Buñuel did not despise his actors like Alfred Hitchcock did, but he did not engage with them on the set either, simply telling them what physical actions to perform, without discussing their motivations or any internal processes. This works well in Belle de Jour, where Deneuve becomes a tabula rasa onto which viewers can project their own desires. The actress has said in interviews that she felt she was not treated well by Buñuel, but admits that his methods did elicit a great performance from her.

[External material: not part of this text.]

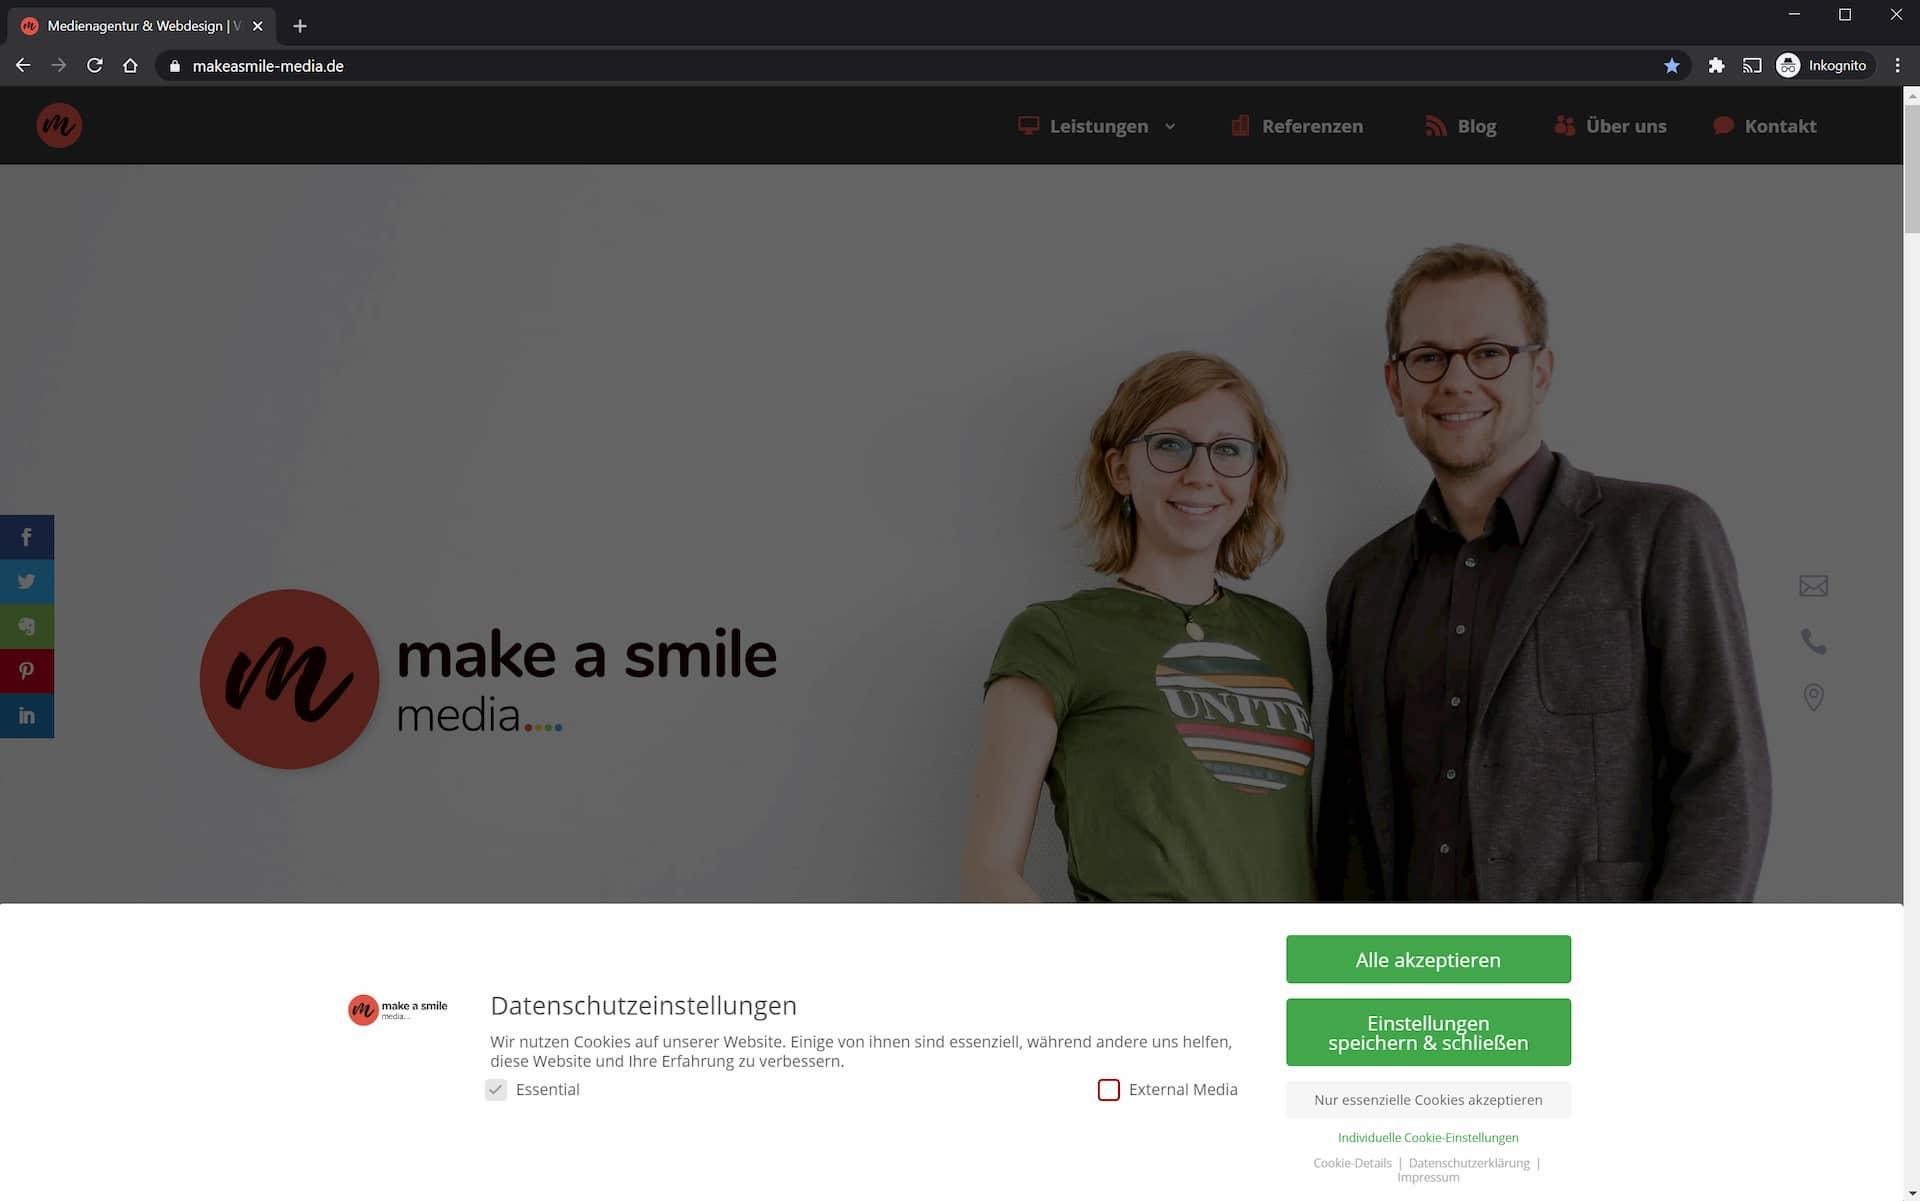 Datenschutz und DSGVO im Webdesign 5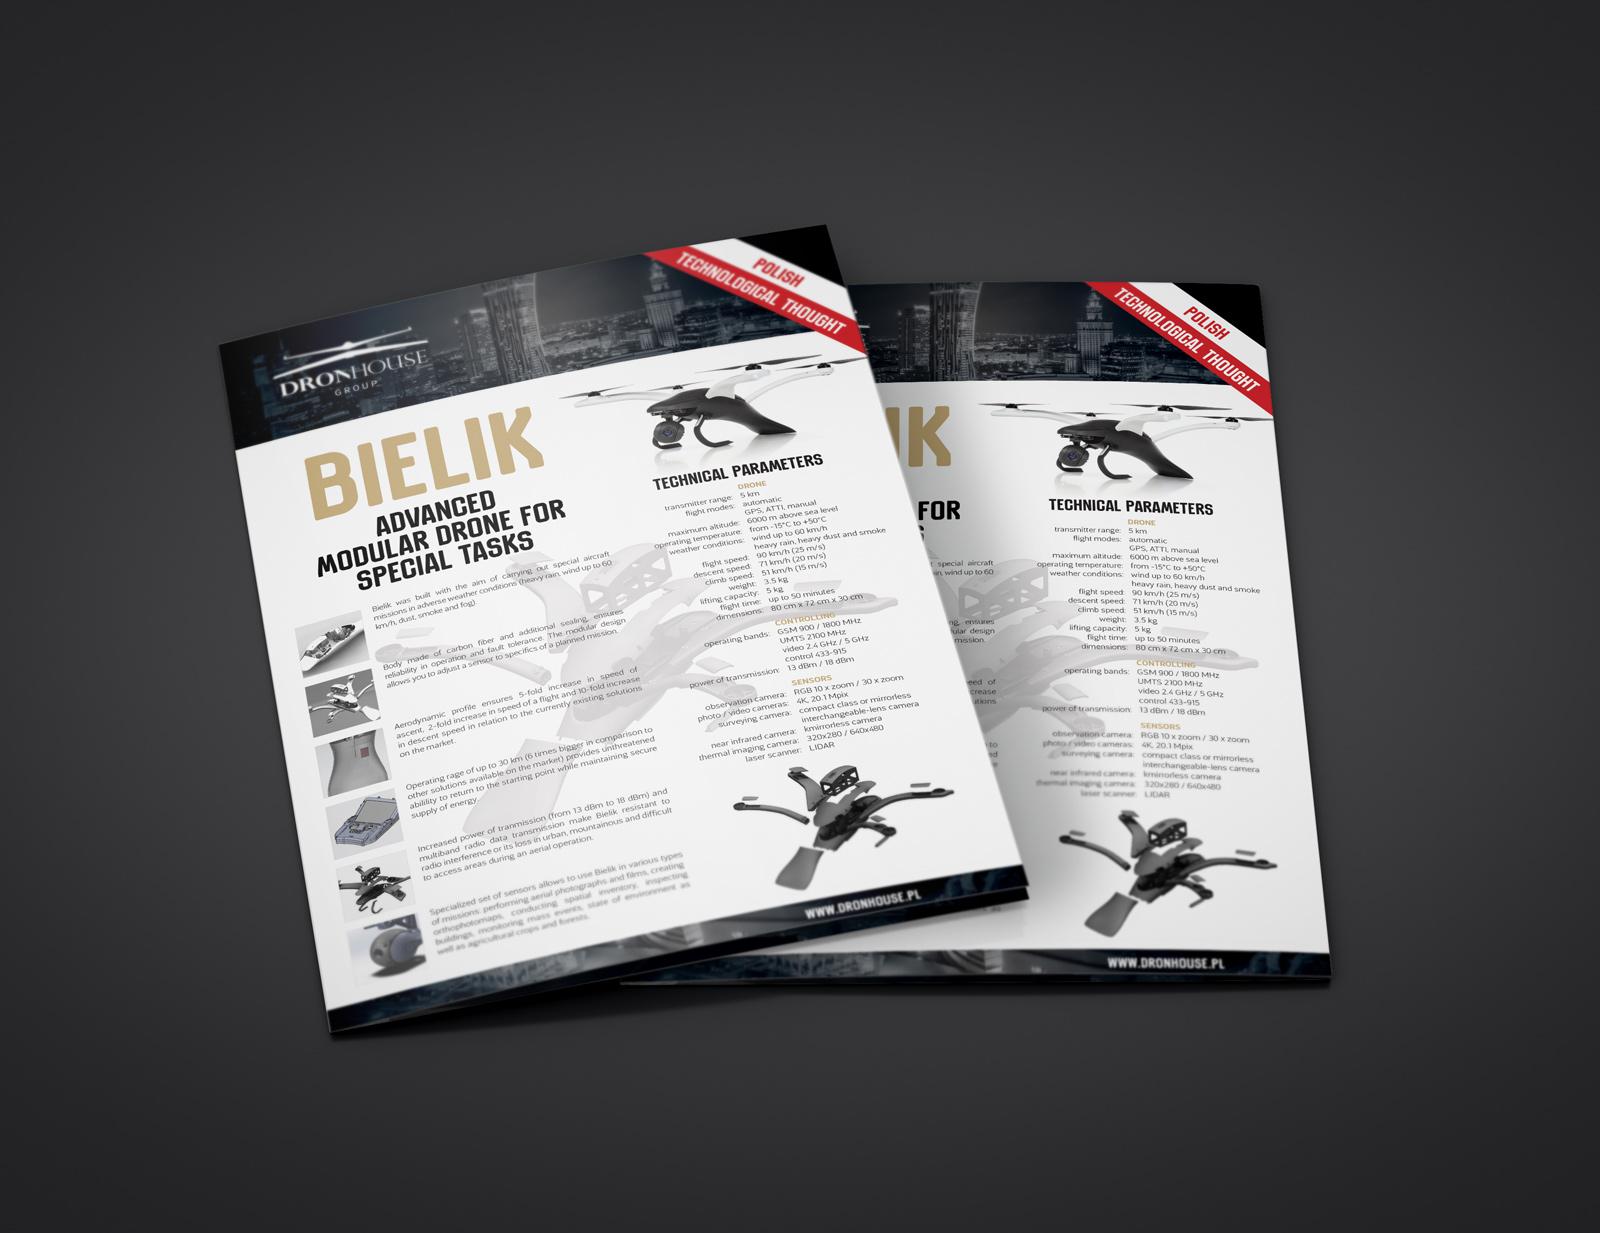 Ulotka Bielik i usługi ortofoto

Catherine Deneuve and Jean Sorel in a still from the film.

Buñuel always refused to talk about the psychology of his characters – or the mean­ing of his films – but that doesn’t mean some kind of psychological reading is not possible. Indeed, Buñuel reportedly talked to psycho­logists about patients who exhibited maso­chistic tendencies when he was writing
the script.

What the director objected to was the rational approach of Freudian psycho­analysis, which was in its heyday during the 1960s. Buñuel’s own view of the mind – that it is driven by deep irrational forces that are unknown to us, and maybe even unknow­able to us – is closer to modern psychological theory, and even neuroscience. We cannot understand why Séverine does what she does, because she cannot understand it herself.

As a surrealist, Buñuel would claim the shifting dreamworld that Séverine inhabits is, in fact, the totality of our daily reality, even though we are not aware of it. The film’s strange ending makes this point perfectly.

Belle de Jour will be screened on March 28 at The Sky, in Tai Kok Tsui, and on April 2 at the Hong Kong Cultural Centre, in Tsim Sha Tsui, as part of Hong Kong International Film Festival.